Both the police and courts have the power to grant bail and can make a decision about holding an accused person in custody prior to conviction. Under criminal justice and public order act 1994 gave police power to impose conditions on a grant of bail. For example, surrendering one's passport, reporting regularly at a police station and for a person to stand as surety for them. The defendant can appeal against unfair bail conditions but this is rarely exercised. An appeal to a refusal of bail is decided upon by a judge in the chambers of the Queen's Bench Division (QBD) of the high court.
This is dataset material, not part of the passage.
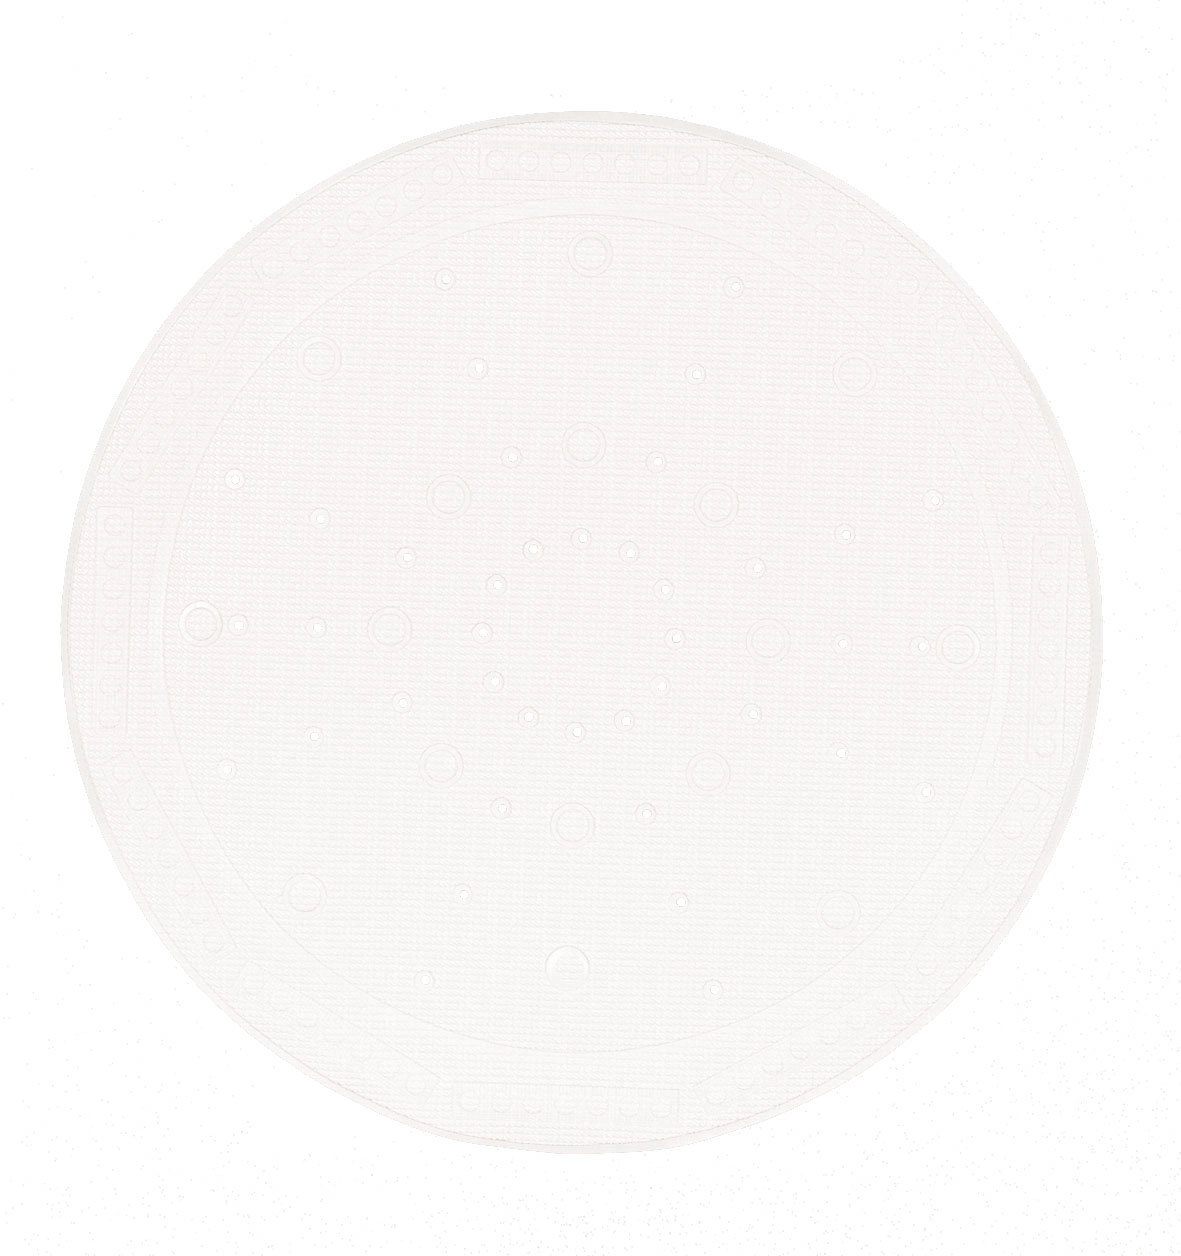 Duscheinlage, Arosa Weiß, 55x 55 cm

However, the Bail Amendment Act 1993 gives the prosecution the right to appeal against a grant of bail by the magistrates to a person charged with an indictable offence.
Bail in law is to attain the release from prison of a person awaiting trial or an appeal, by the deposit of security to insure their compliance with certain bail regulations at the required time to the legal authorities. The financial value of the security, the bail bond, is set by the court over the prisoner. The security may be cash, papers giving title to a property, or by way of a guarantor (a person of means.) Failure of the person released on bail to surrender himself at the appointed time results in forfeiture of the security.
Bail is usually granted in a civil arrest. Courts have greater discretion to grant or deny bail in the case of persons under criminal arrest, for example it is usually refused when the accused is charged with an indictable offence.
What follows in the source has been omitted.